Uma viatura policial se aproximou lentamente. Havia uma cadeira de rodas dobrável no compartimento. Uma menina com um vestido azul claro estava sentada no banco de trás. A policial sentada ao lado dela viu a placa da pet shop, apontou para ela e perguntou para a menina: “Quer dizer, aqui é sua casa?”
Quando a viatura passou por Zhang Zian, a menina o viu puxando a mala e bateu apressadamente no vidro para parar o carro. Ela queria falar, mas não conseguia. Levou alguns segundos para a policial entender o que ela queria. Ela ordenou ao motorista que desse ré.
A garotinha com coques percebeu que ele estava em transe, como se estivesse prestes a ir embora por muito tempo. Ela hesitou um pouco e tentou passar por ele sem perturbá-lo. Afinal, eles se conheciam apenas há dois ou três dias, e a mãe costumava dizer que ela não devia incomodar os adultos quando eles estão ocupados, senão eles ficariam irritados.
A menina tinha o rosto pálido por não pegar sol há muito tempo. Usava óculos de aro grosso e fundo espesso e carregava um gato nos braços. Andava ao lado da parede como se fosse uma ladra. Seus olhos caíram na placa de “banho e tosa” na frente da pet shop, mas não notou a presença dele.
Dois meninos com olheiras pareciam ter acabado de sair do cibercafé depois de uma noite inteira. Com o cabelo despenteado, imploravam aos avós pelo celular para que avisassem os colegas para ajudá-los com a chamada da professora. Depois de terminarem a ligação, discutiram onde tomar café da manhã e depois voltaram para o dormitório para dormir um pouco.
Os dois não prestaram atenção em Zhang Zian, mas sim no macaquinho na mala, e cada um fez uma careta para provocar o animal ao passar.
“Durmam cedo hoje e venham trabalhar amanhã.”
Zhang Zian disse sem pensar muito.
Os dois meninos se olharam com expressões confusas e se sentiram profundamente repreendidos; será que este homem estava louco? Decidiram ignorá-lo e ir embora.
‘Sim, eu também tenho que trabalhar amanhã. Depois de tanto descanso, não posso ficar parado comendo, senão a pet shop da minha família será confiscada.’

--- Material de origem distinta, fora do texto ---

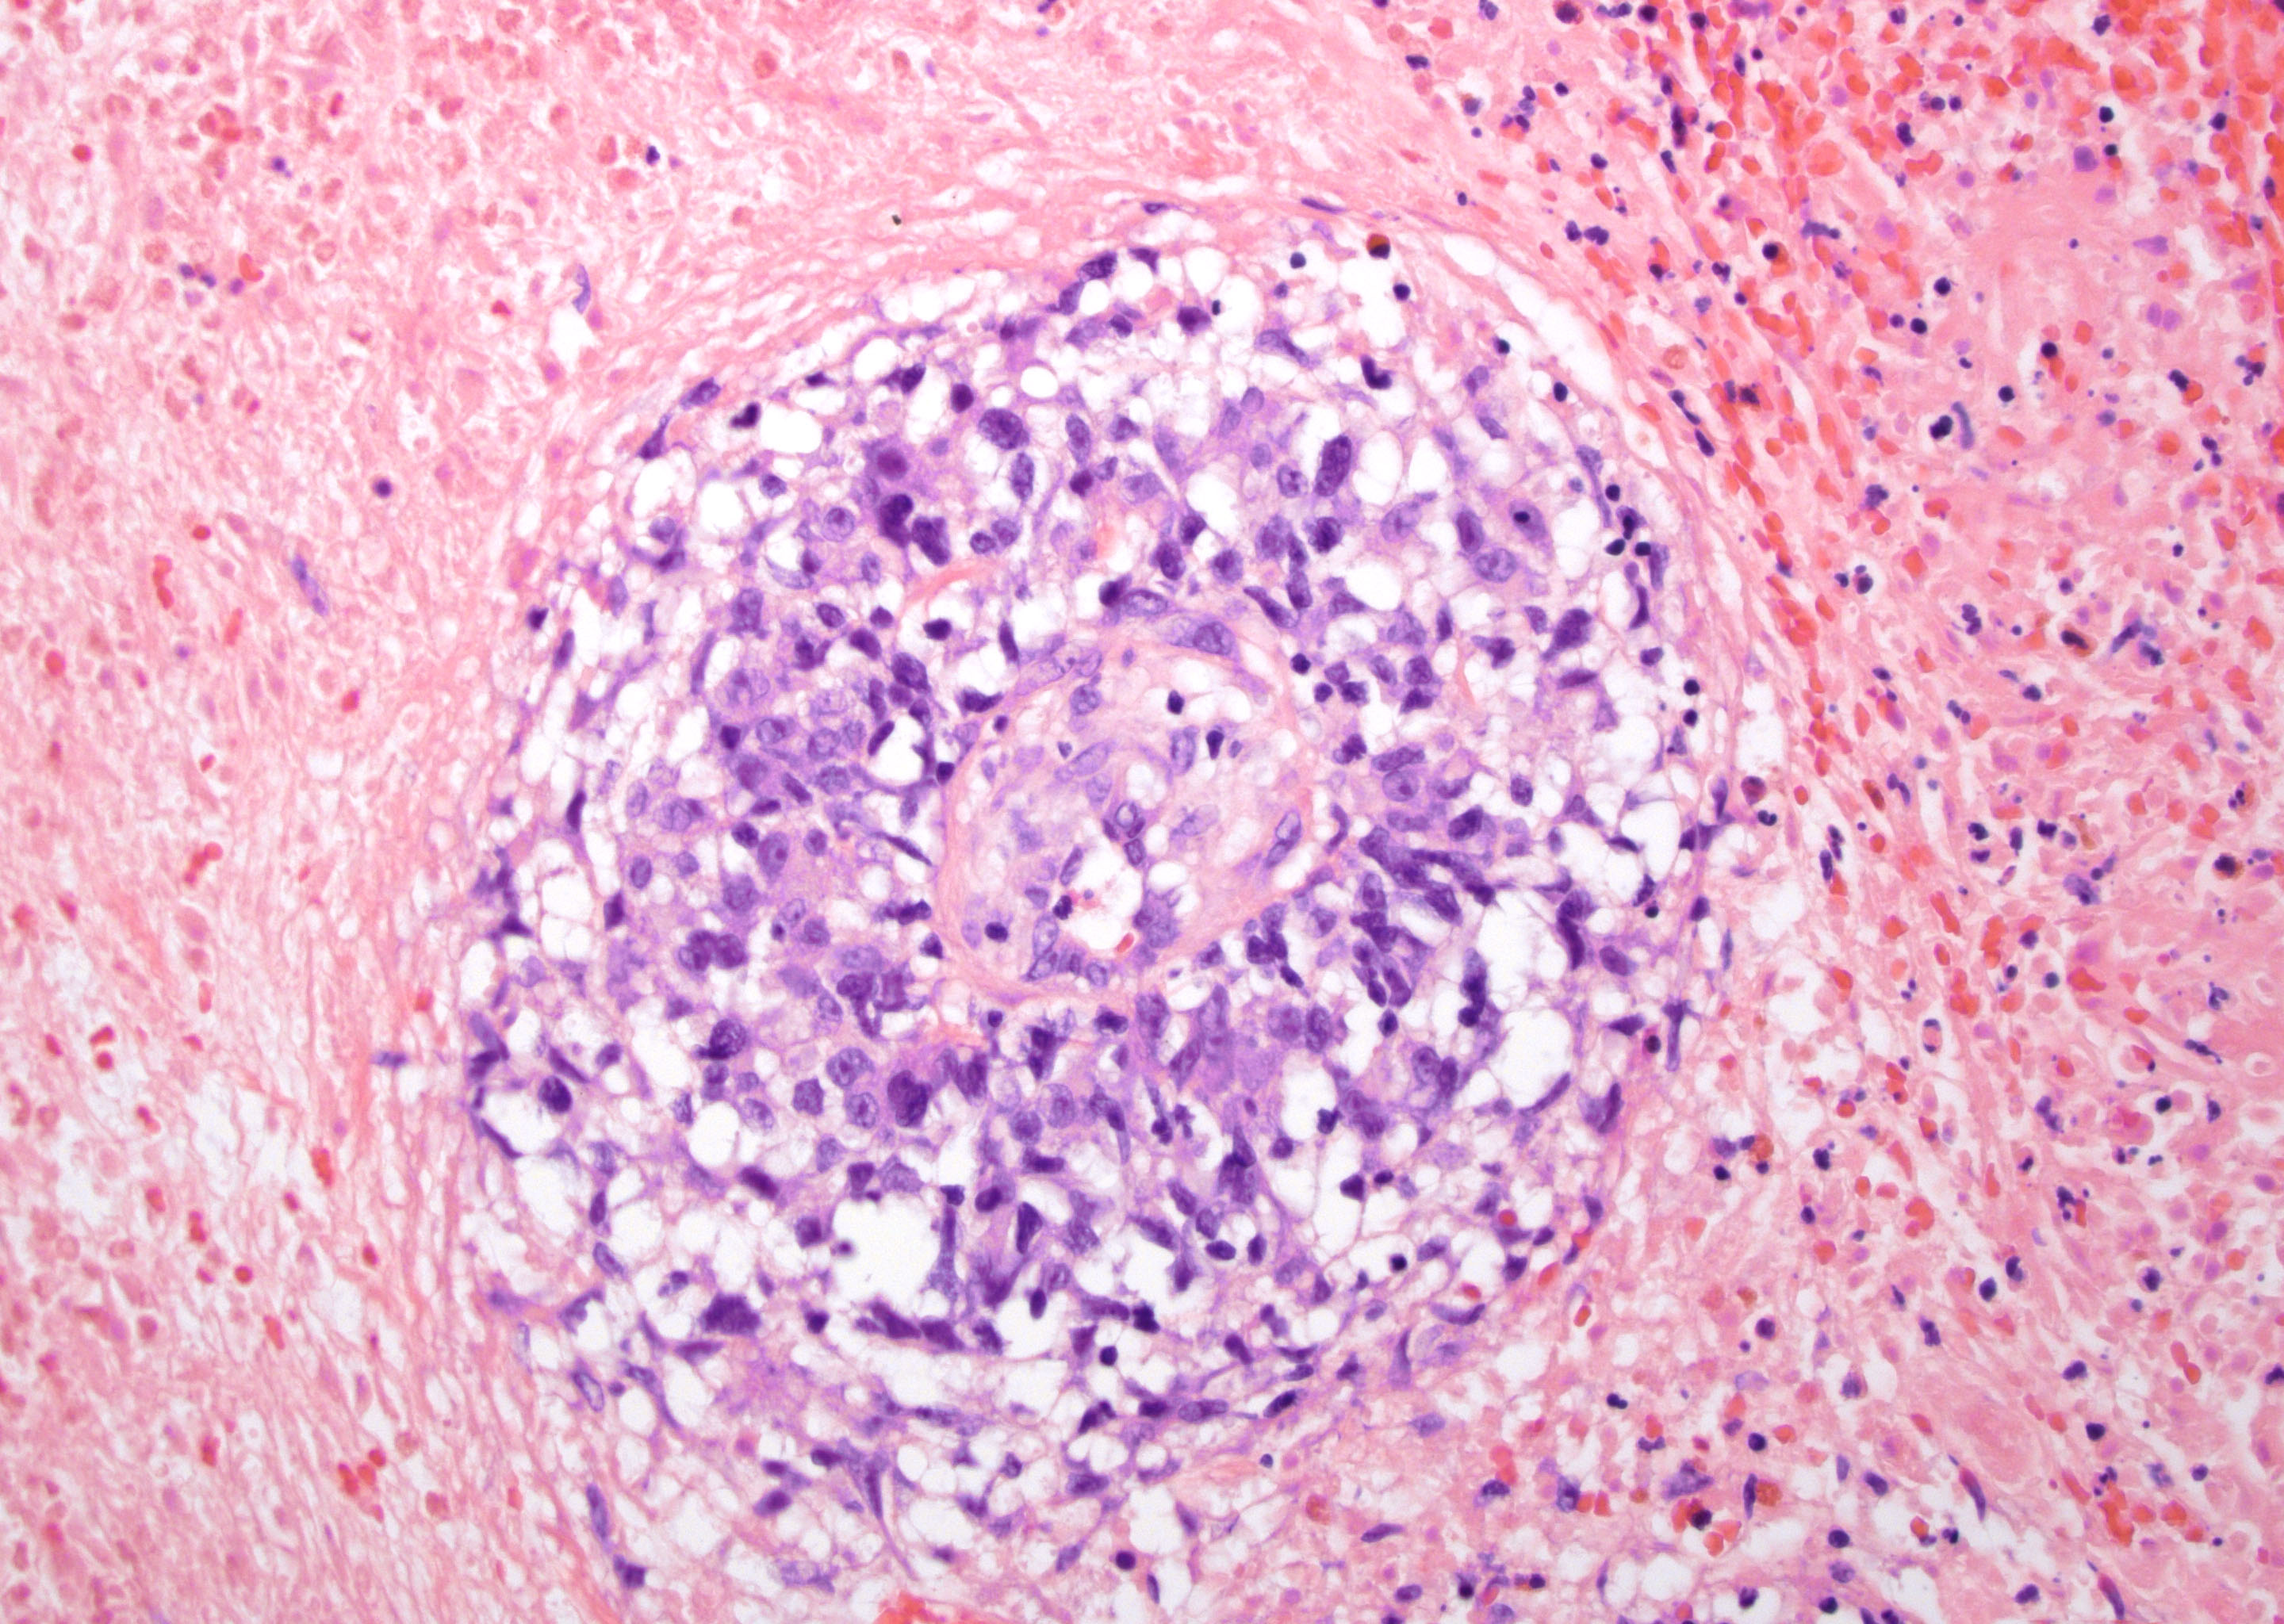 Respiratory papillomatosis pathology outlines Lymphoid papillomatosis pathology outlines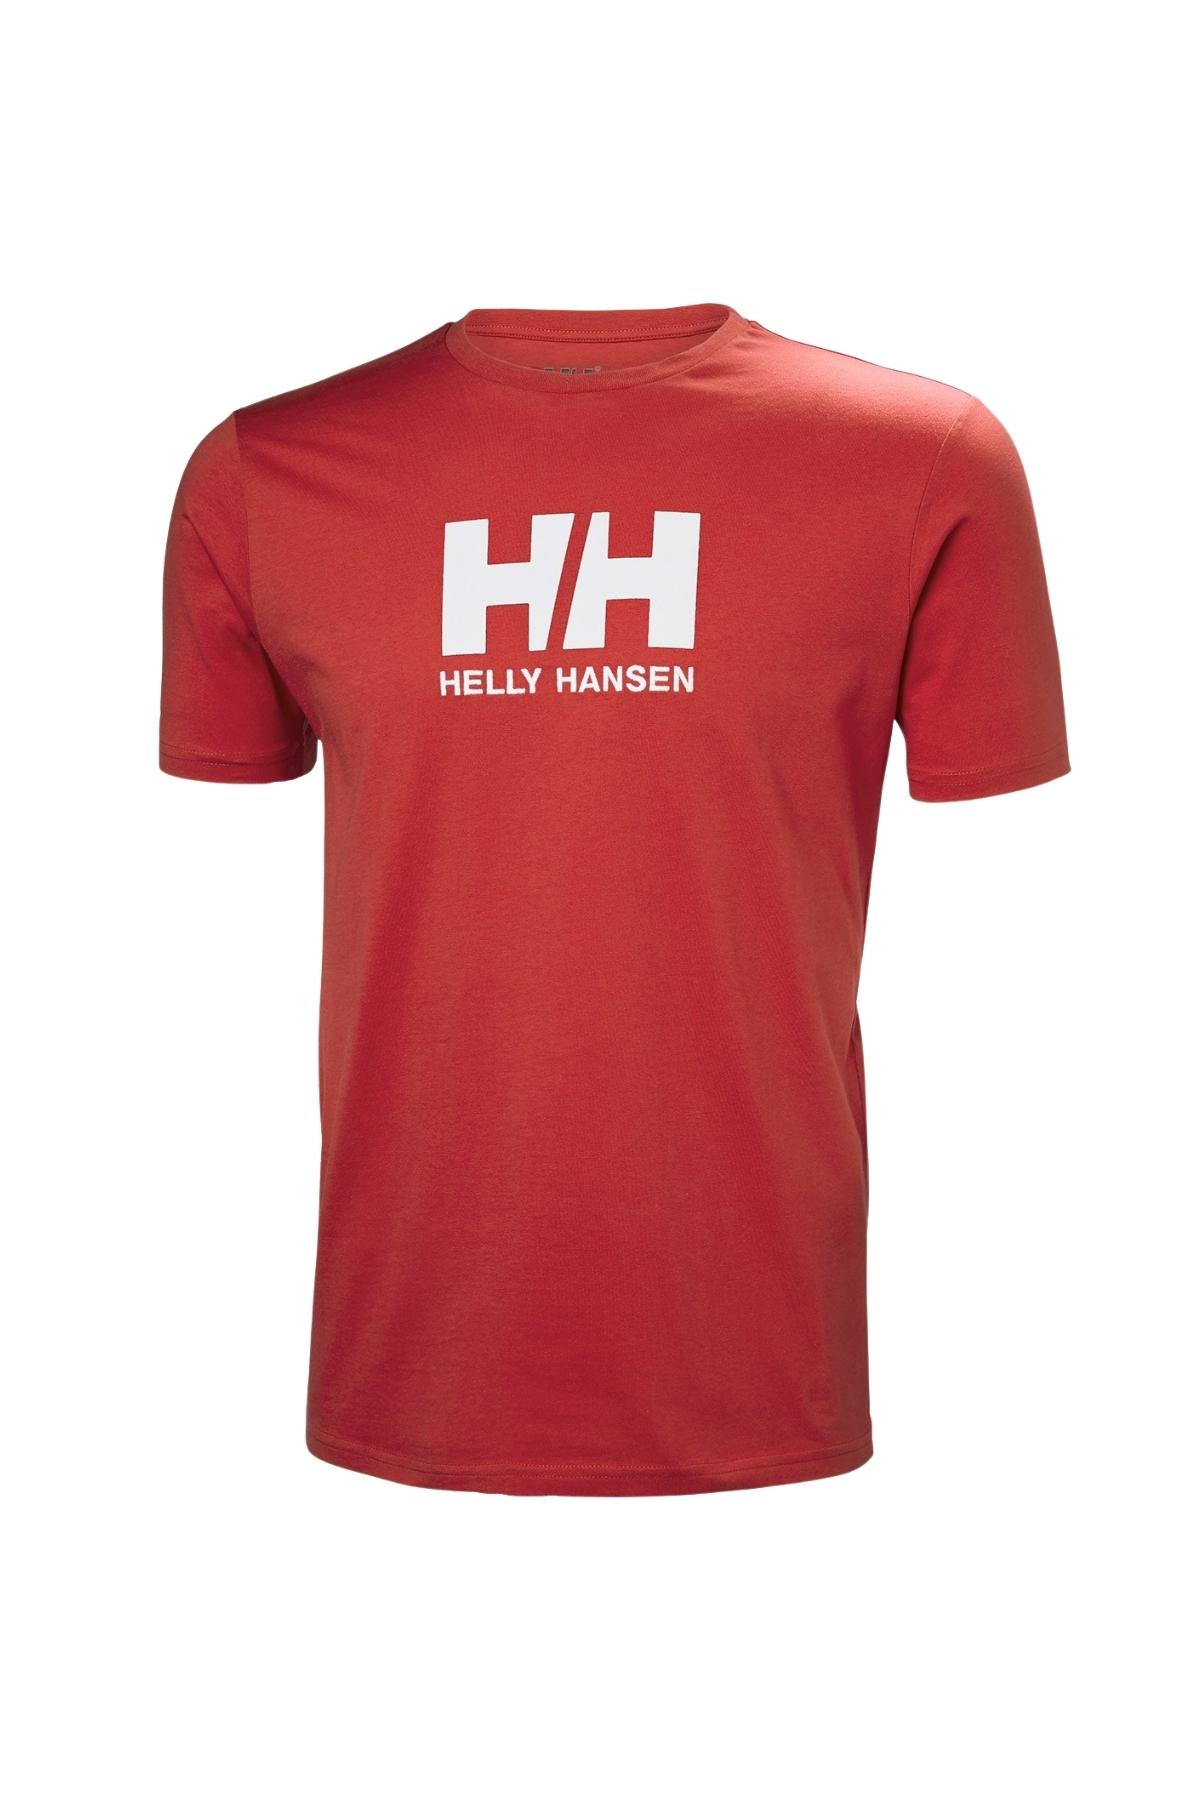 Helly Hansen HHA.33979 - HH Logo Erkek Bordo T-Shirt

Ele deu mais alguns passos e continuou a andar. No começo foi um pouco rígido, como se fosse uma máquina sem óleo lubrificante, mas seu movimento gradualmente ficou mais suave.
Os elfos ficaram muito satisfeitos com sua escolha, mas não tão felizes quanto esperavam.
O ponto de ônibus estava vazio, e ele não se importou se o assento estava limpo ou não. Sentou-se com os cotovelos nos joelhos e olhou para os pés.
O ônibus chegou, parou, abriu, fechou e partiu.
Ele não entrou. Parecia estar esperando alguém.
De repente, tudo ao seu redor congelou, como se um botão de pausa tivesse sido pressionado.
Tal fenômeno estranho não disparou nenhum alarme diante de seus olhos calmos.
Uma roupa chinesa extravagante oscilou e apareceu na beirada de seu campo de visão, depois parou abruptamente.
Então ele ouviu a voz de Zhuang Xiaodie ao seu redor.
“Você fez tudo isso só para dizer ‘Adeus’?”